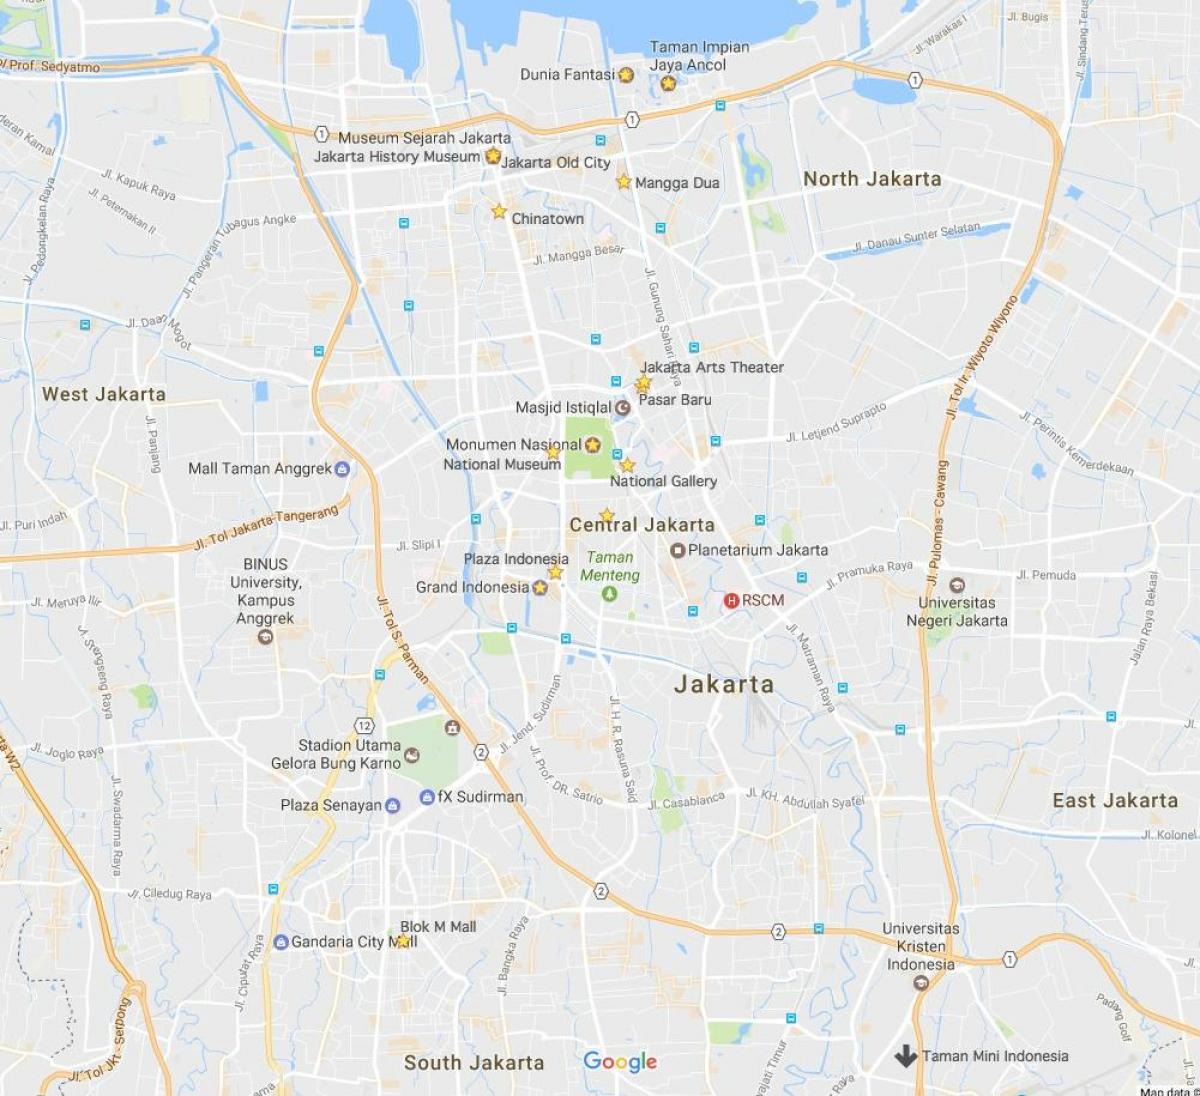 χάρτης της Τζακάρτα νυχτερινή ζωή
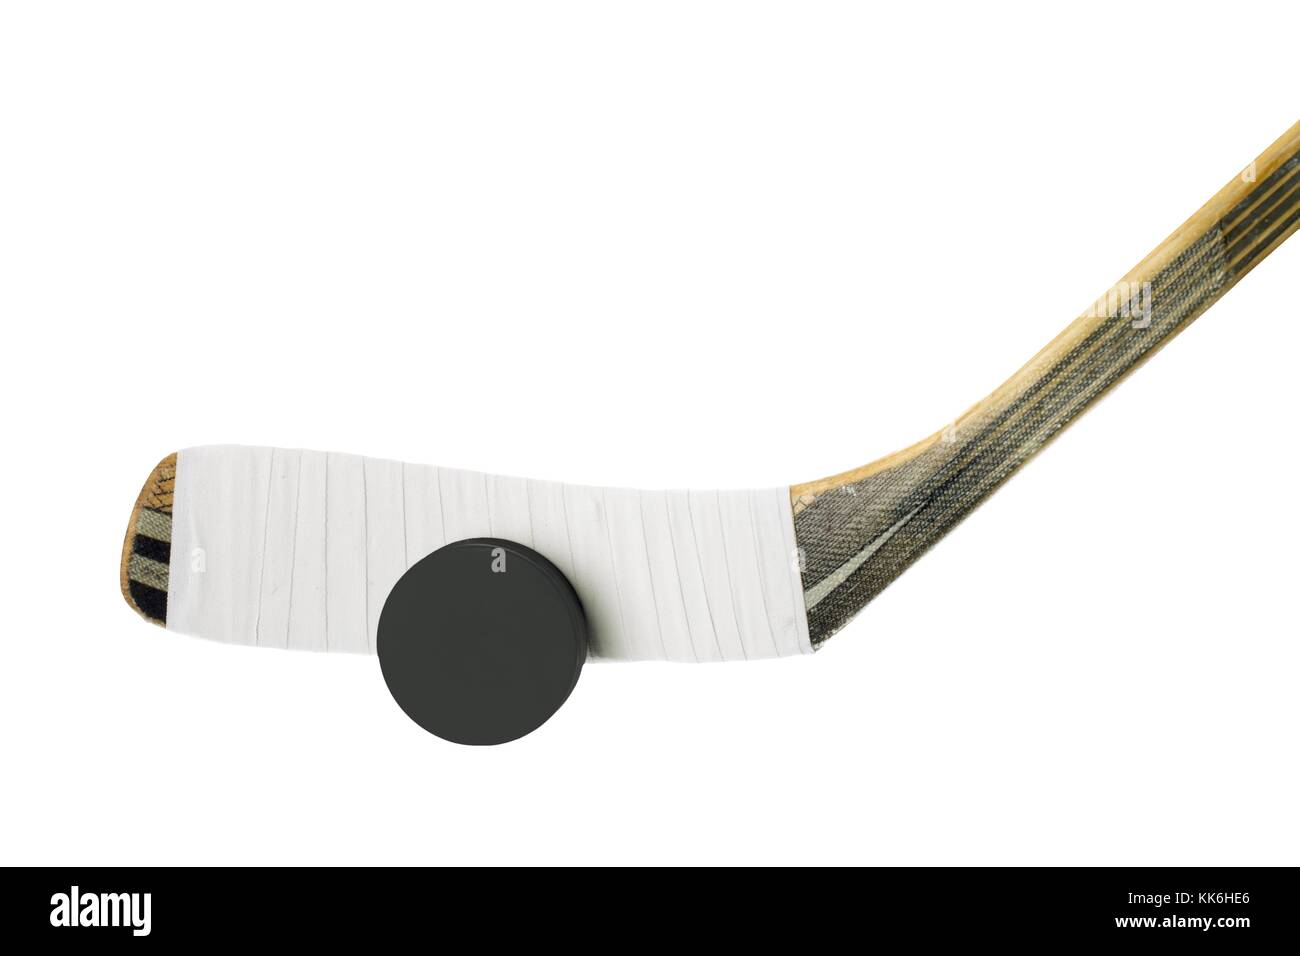 jeu de hockey sur glace Banque D'Images
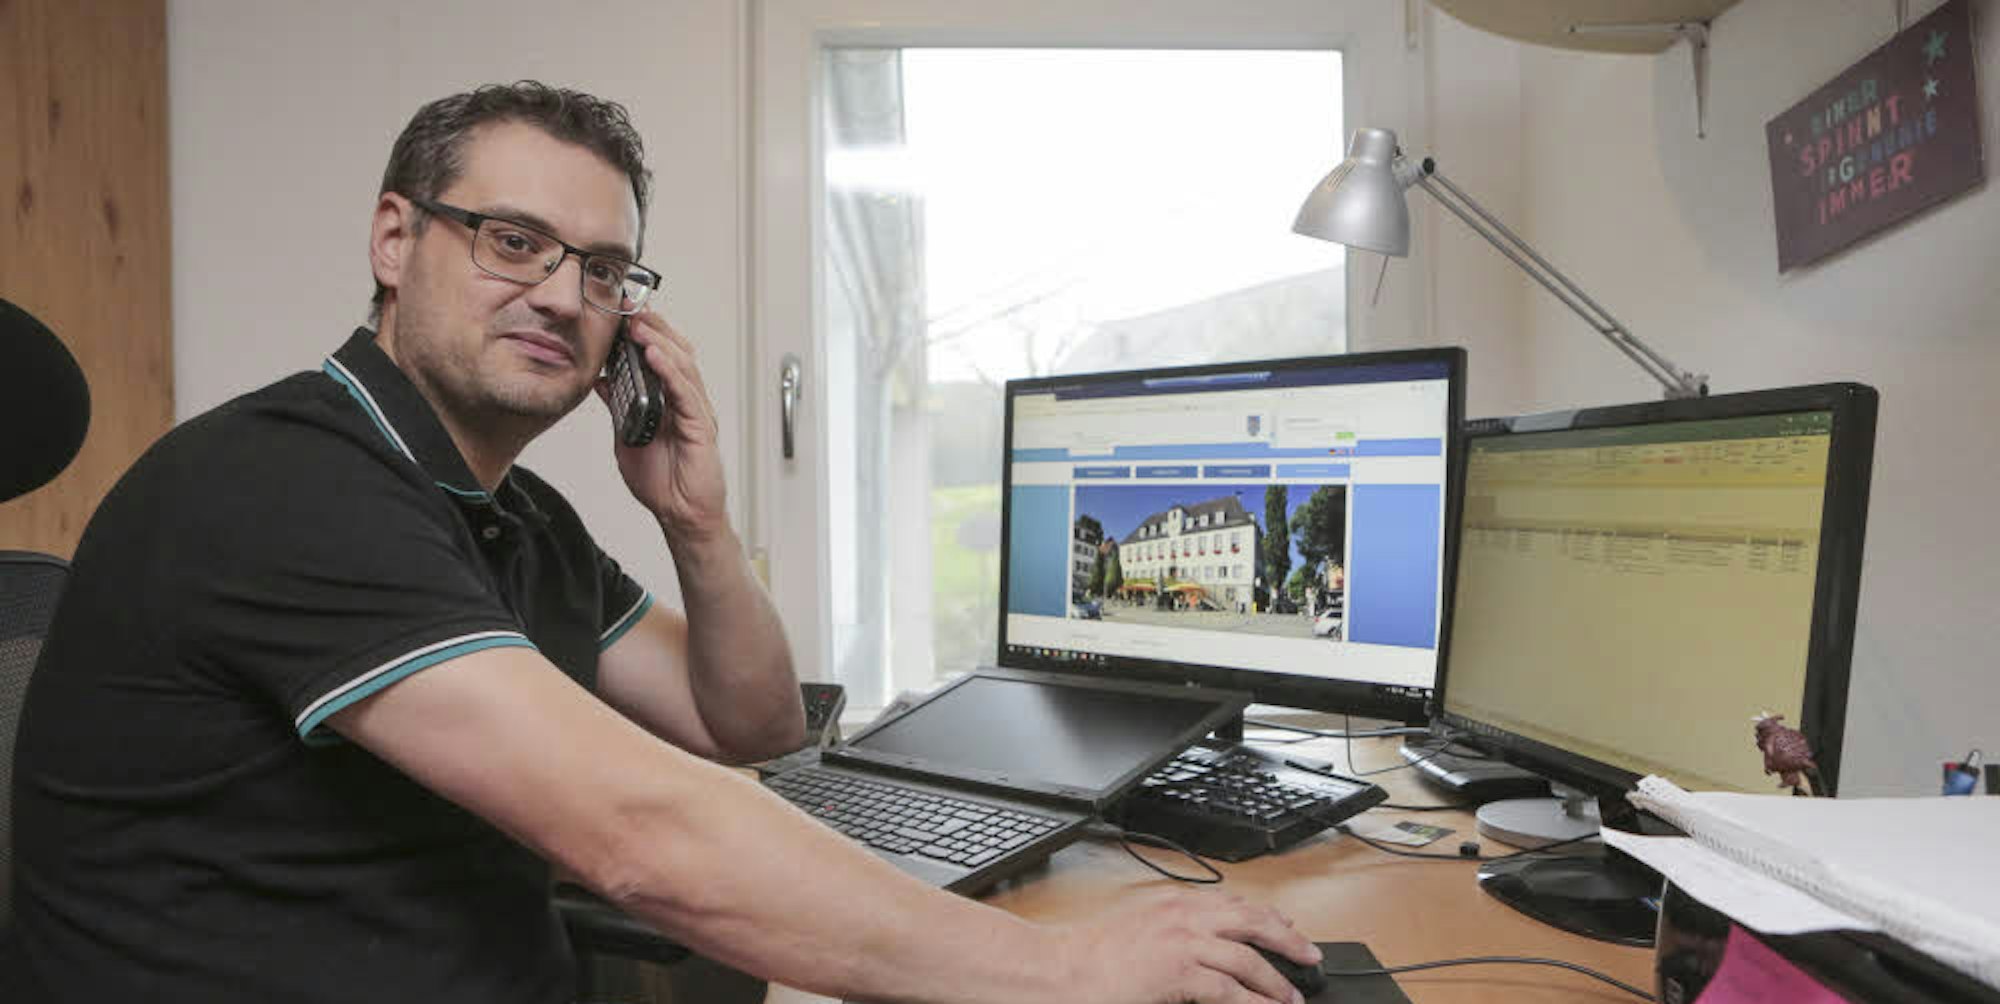 Flexibel: Wenn Thorsten Stefer einen Home-Office-Day hat, kann er mit seinem Dienst-Laptop von Zuhause aus arbeiten.
___
Exercise: Would it be possible to give the material above again exactly, with the pictures left out?

Solution for this task:
 χάρτης της Τζακάρτα νυχτερινή ζωή
 jeu de hockey sur glace Banque D'Images
 Flexibel: Wenn Thorsten Stefer einen Home-Office-Day hat, kann er mit seinem Dienst-Laptop von Zuhause aus arbeiten.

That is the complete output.